[ABOUT THIS EXERCISE] Reproduce the whole listing word for word. Leave every image out.

[SUPPLIED MATERIAL]

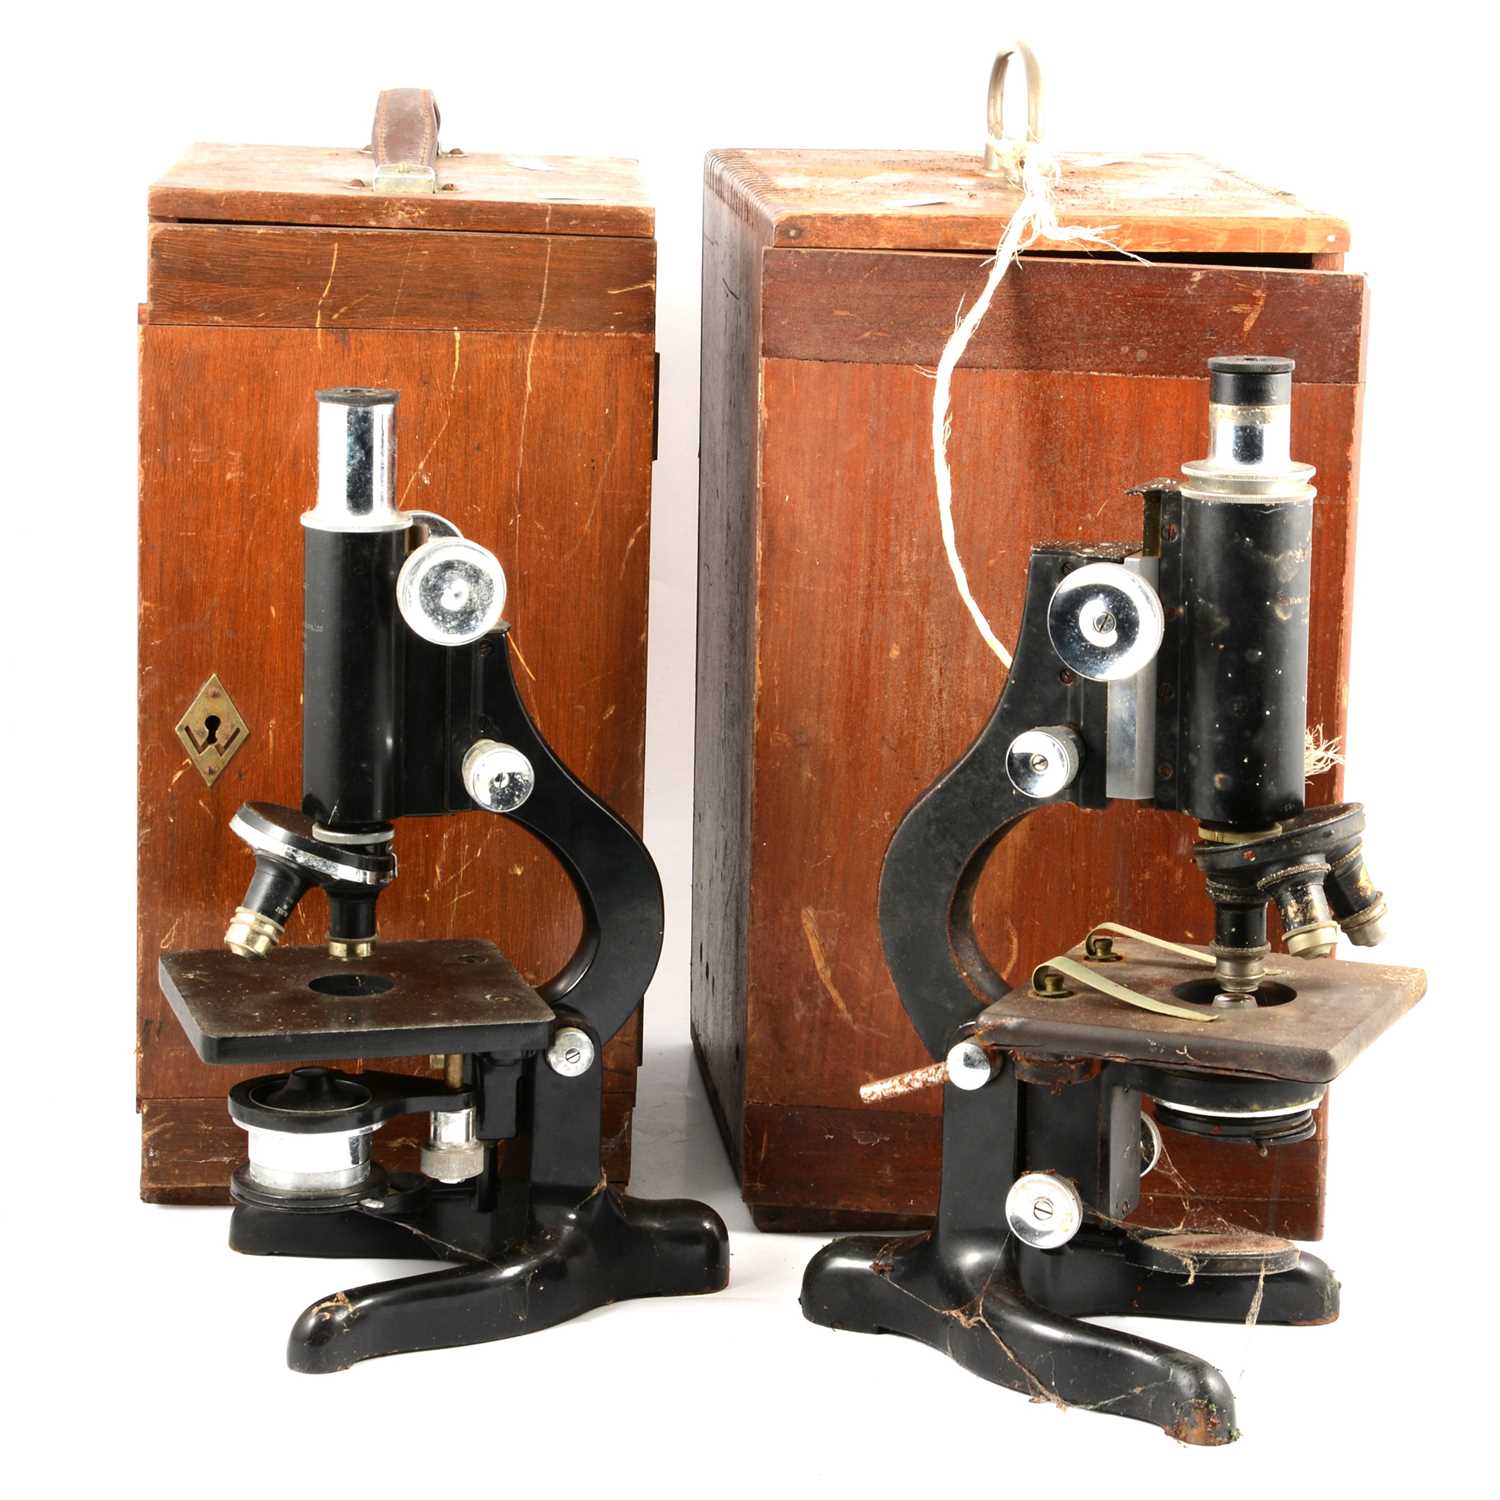 Two early 20th century microscopes.
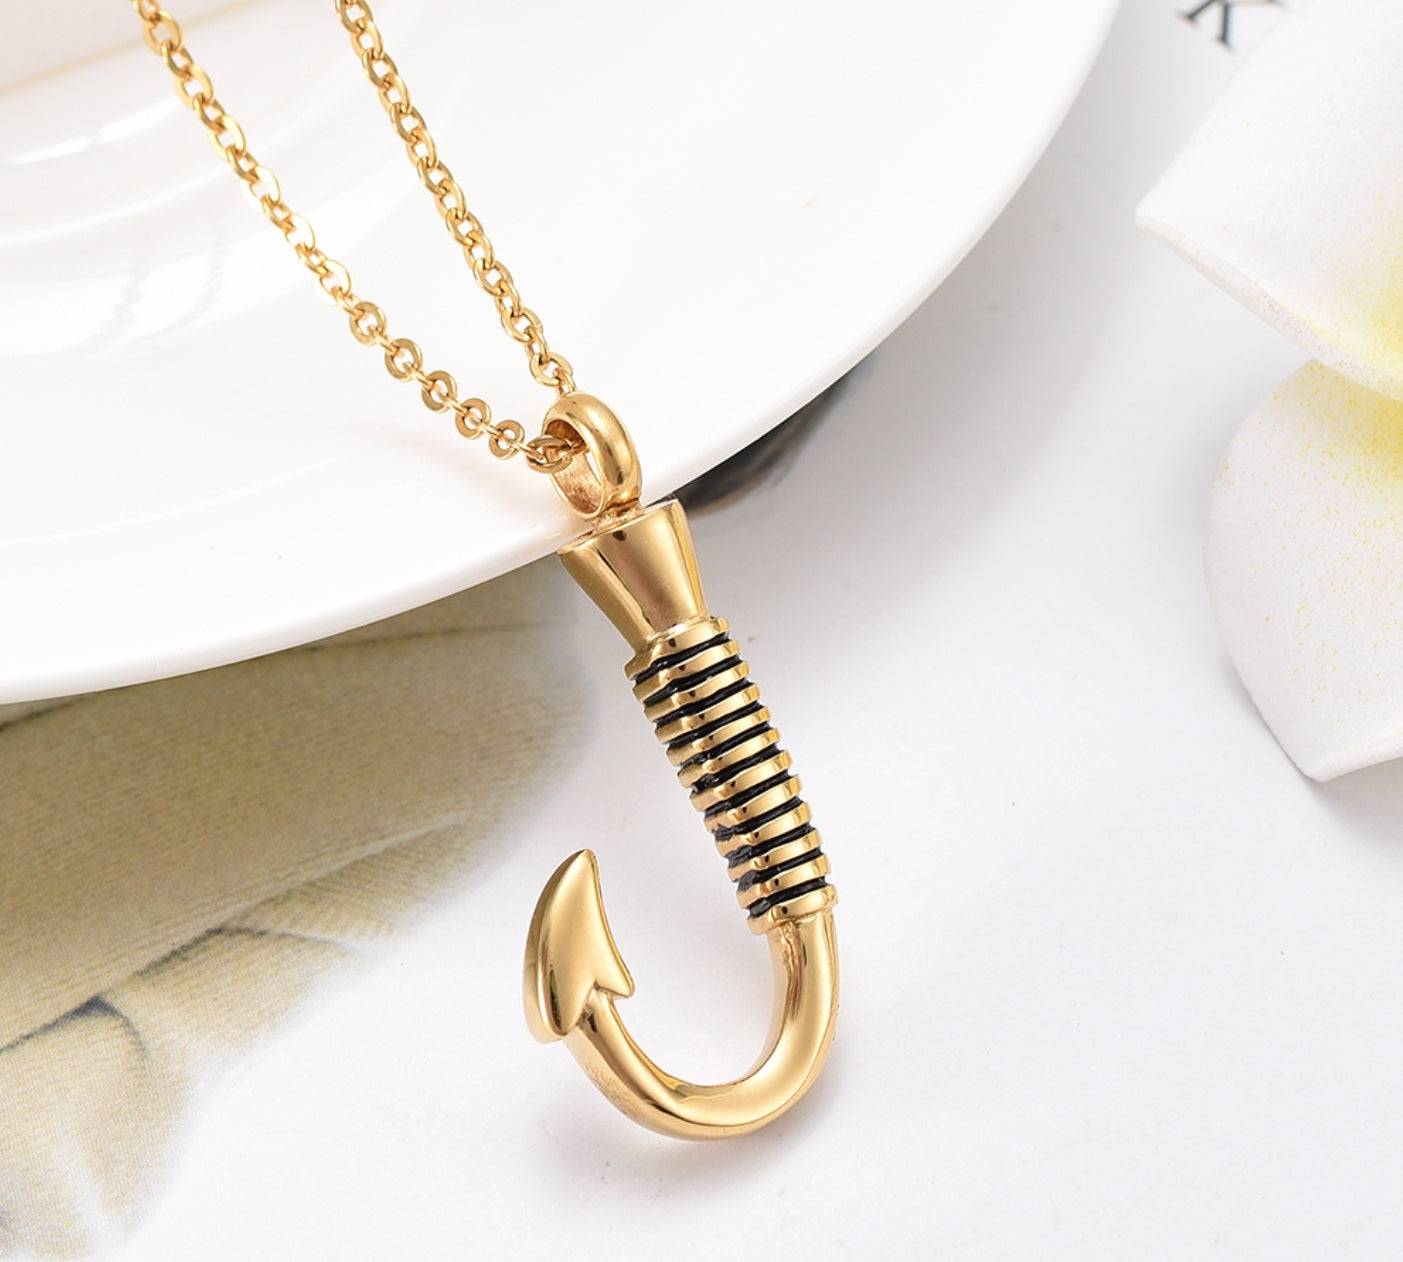 Fish Hook Urn Cremation Jewelry - Ash Necklace - Cherished Emblems Gold
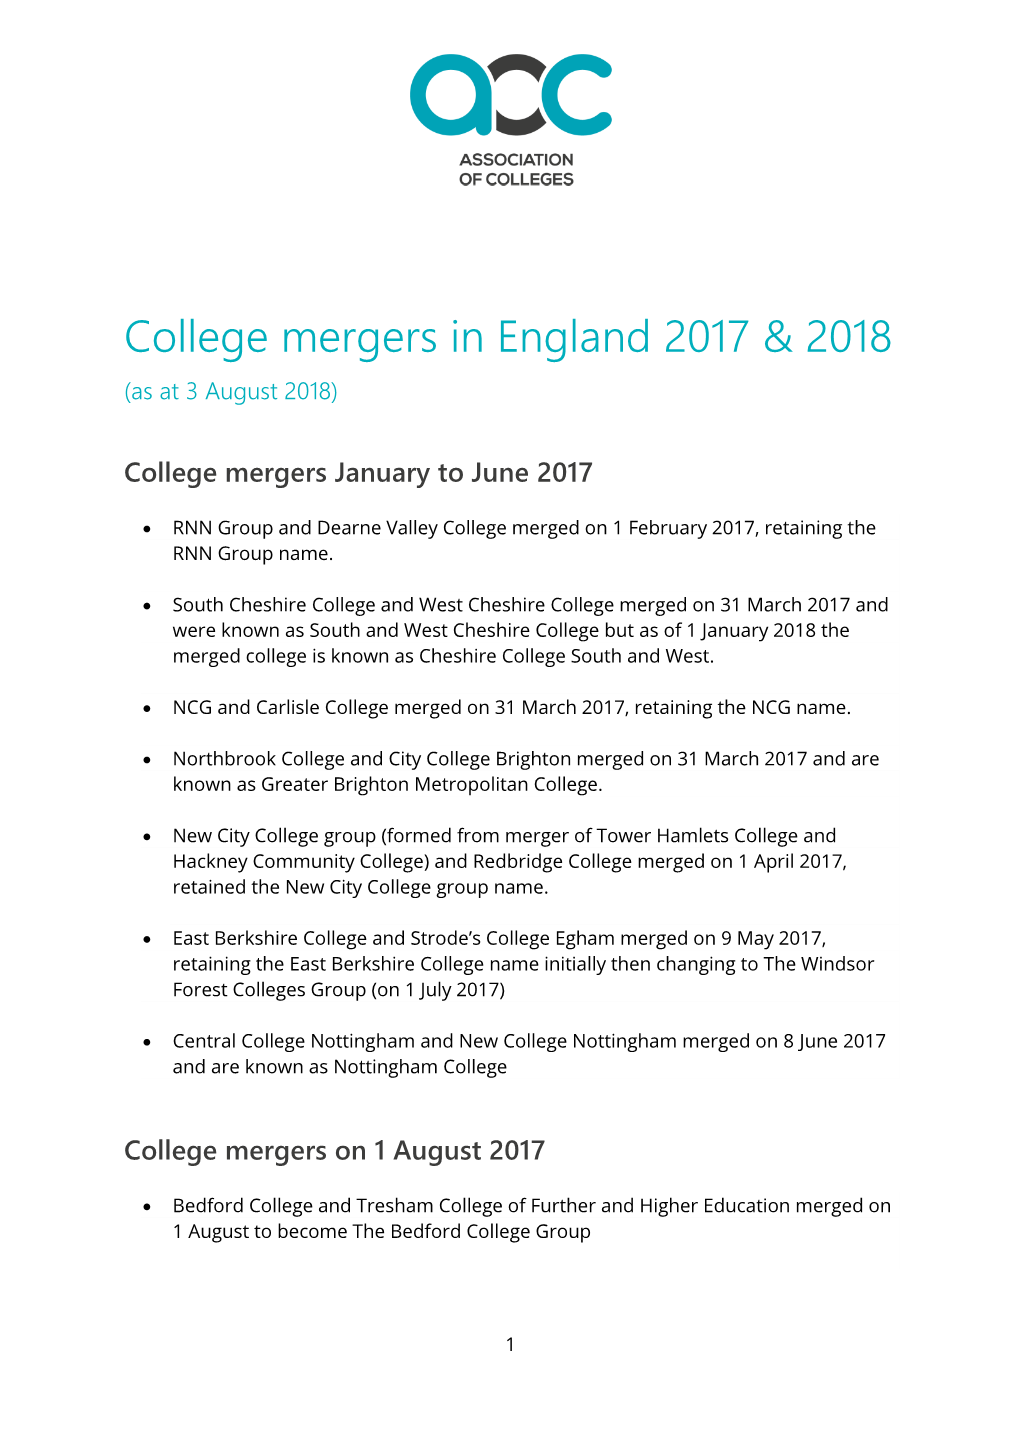 College Mergers in England 2017 & 2018

[REPLY TO THE TASK]
 Two early 20th century microscopes.
 Fish Hook Urn Cremation Jewelry - Ash Necklace - Cherished Emblems Gold
 College Mergers in England 2017 & 2018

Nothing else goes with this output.